I sit on the bed and pick up the grammar book, hoping it will get me back to sleep. A sentence gets past my eyes before I hear another noise. I look up. A tiny mouse is sat on my table. He turns and looks at me and dashes off. I’m so relieved. Mammals I can handle. Another one pegs it into the bathroom. Then I realise why him and his friends are running around – they can smell the pizza. I cover it as much as I can then go and get a beer. This time the pizza goes down better, but I resolve not to buy another one until I have an absolute craving.
A gecko runs up the wall as I eat. Amphibians I don’t mind either, particularly geckos as they eat insects and don’t walk on your bed and are therefore my friends, so I’m happy this one is with me in the room. I eventually get off to sleep and have the best night’s sleep I’ve had yet. No deranged Glaswegians muttering about secret islands wake me up, although there is a man in the next room with a bit of a cough. That wouldn’t have made much of a film, would it?
I have a brunch of chicken and vegetable fried rice. It’s amazing. I go back to the travel agent at On On and get a ticket to Phi Phi. While I wait for the minibus to the harbour a dark-haired guy with a Henry V haircut comes over and asks for a light. I rummage around in my rucksack but can’t find it. He gets one from someone else but comes back to talk to me. He’s just got here and I tell him there’s not much to do. He’s staring at me quite hard and, slightly uncomfortably, I realise he’s checking me out.
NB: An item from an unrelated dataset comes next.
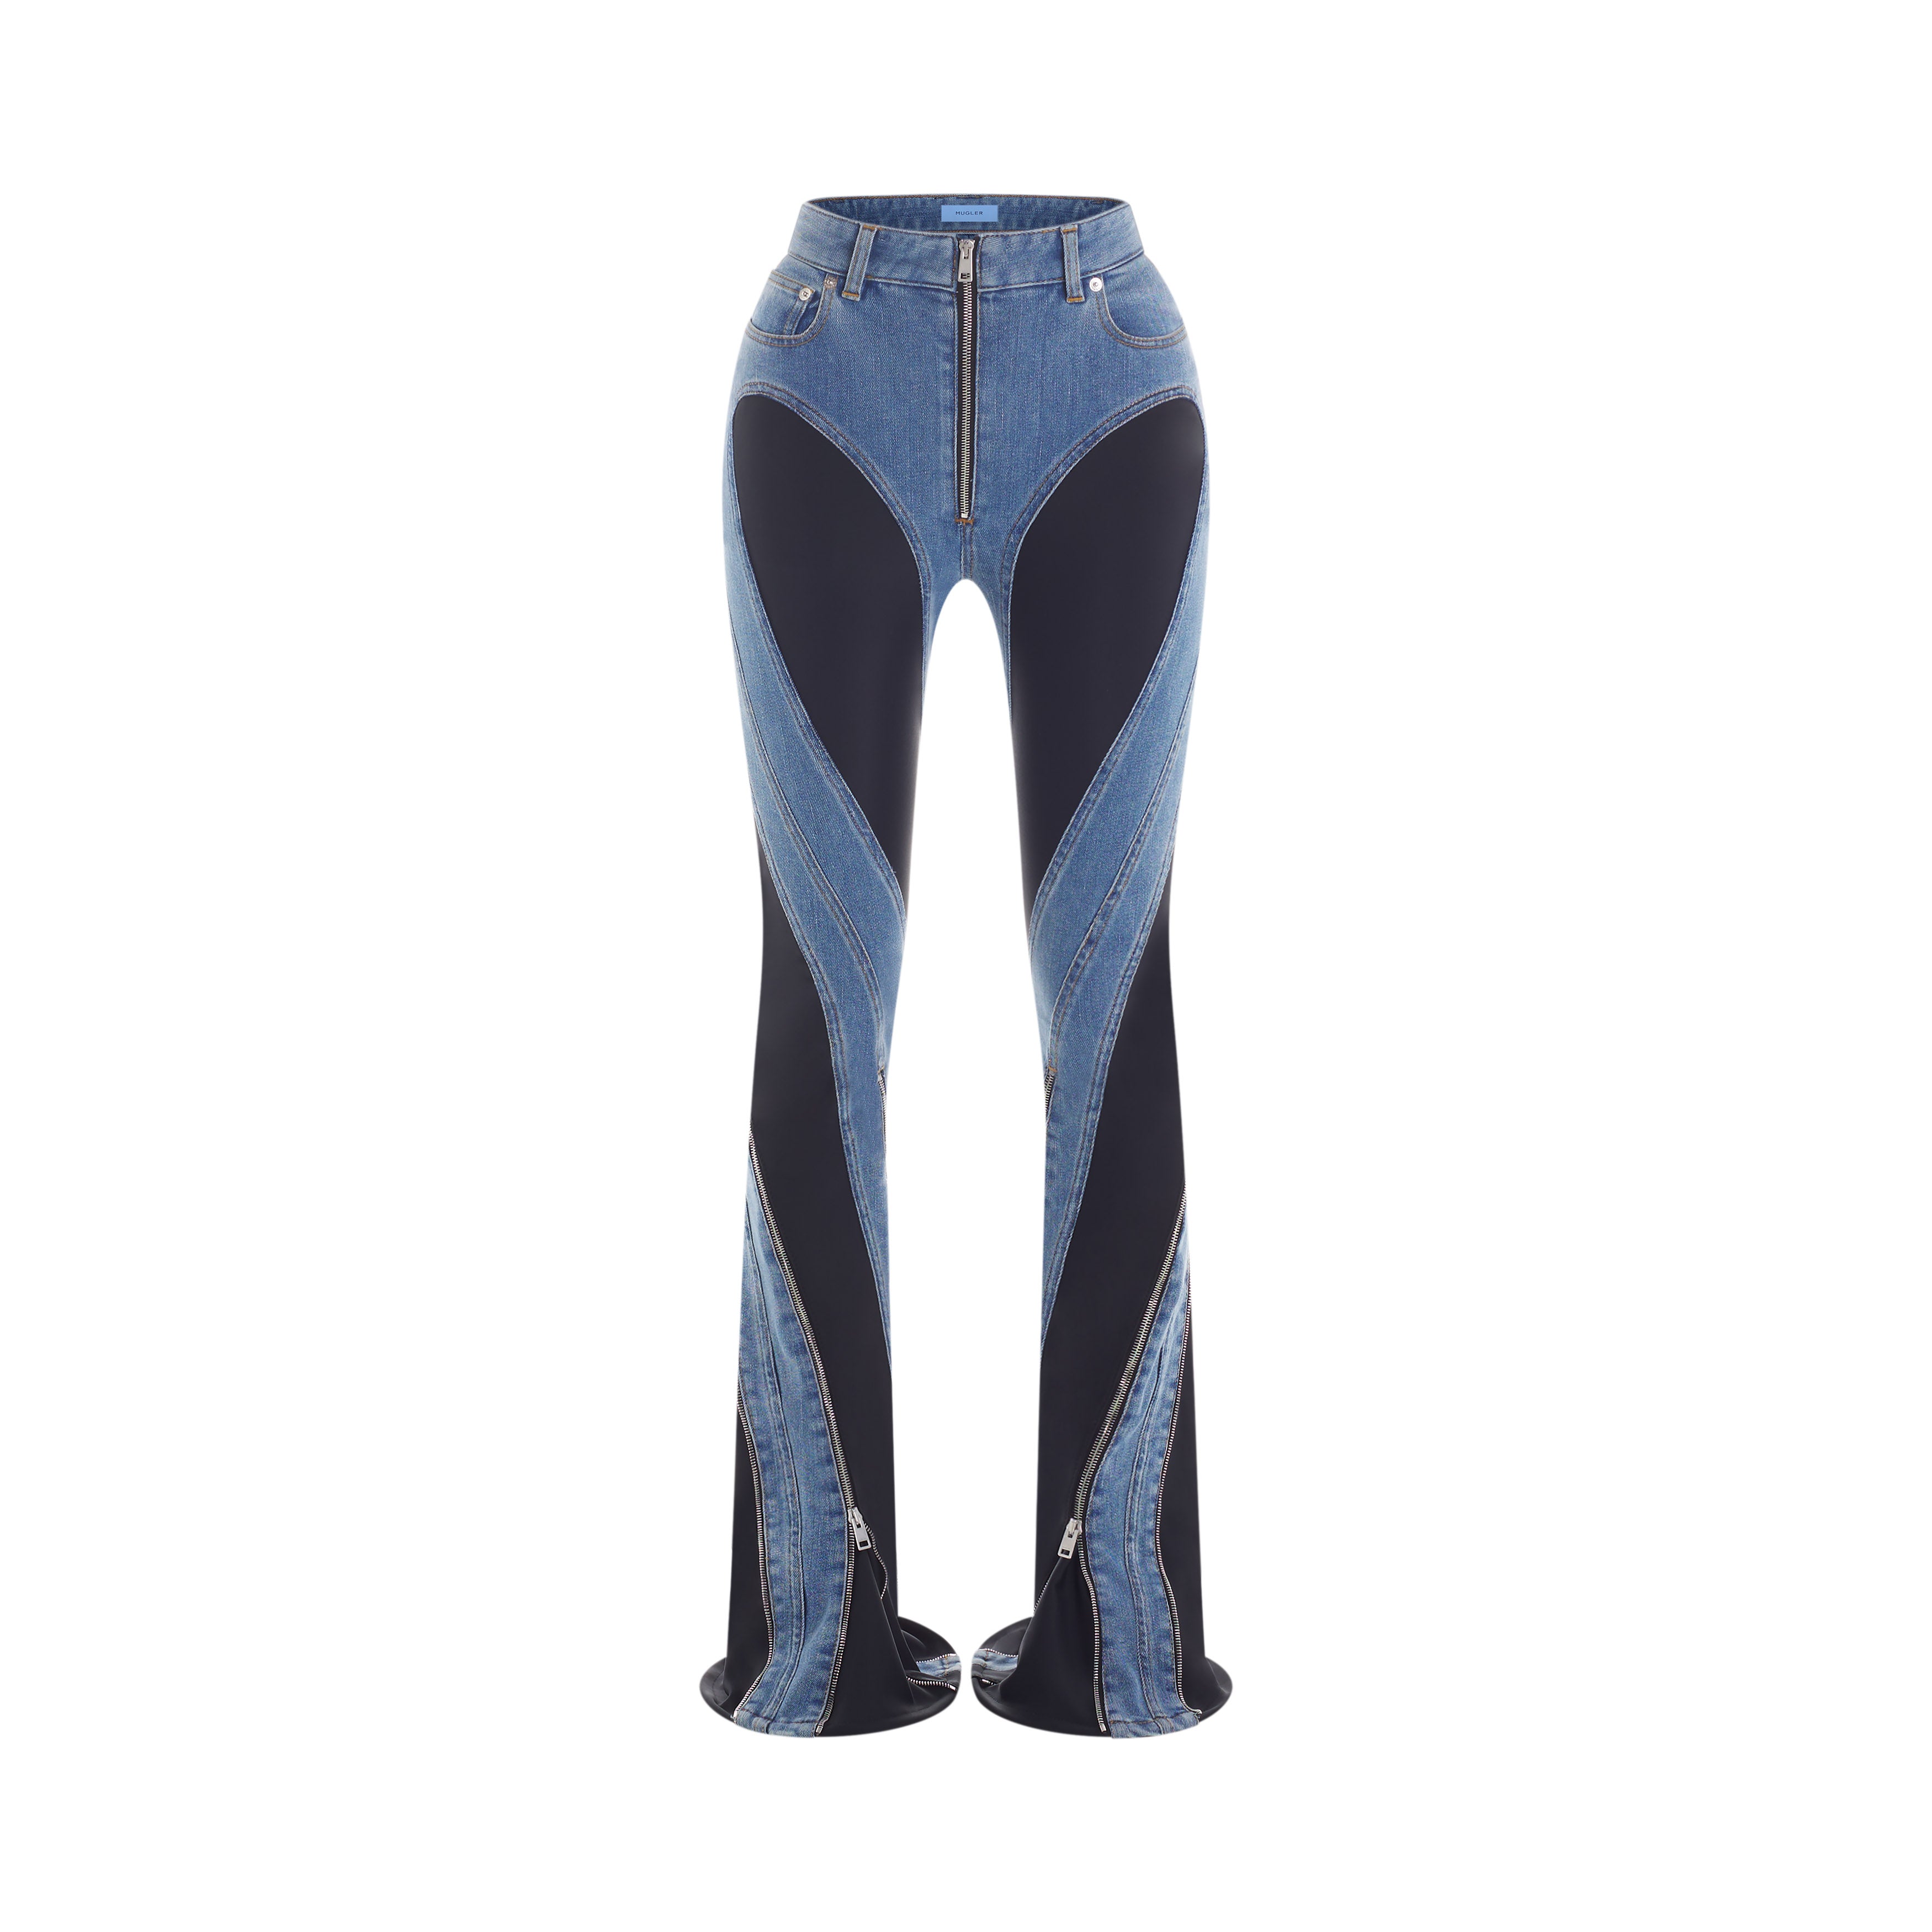 Stetson Women's Jeans | Official Site

We talk a bit. He’s Israeli and has just been travelling in India; he thought he’d try Thailand a bit before he went home. He loved India and raves about it, but it still doesn’t appeal much to me, at least for now. He tells me he started to take for granted how well Indians speak English in comparison to Thais. In India, he says, there’s the older generation who speak English well from being under British rule, the younger generation who speak it well from tourism and Western media, and there’s a whole generation in-between who don’t speak it well at all.
Our conversation is interrupted by the minibus arriving and I bid him farewell. I’m finally heading for a beach!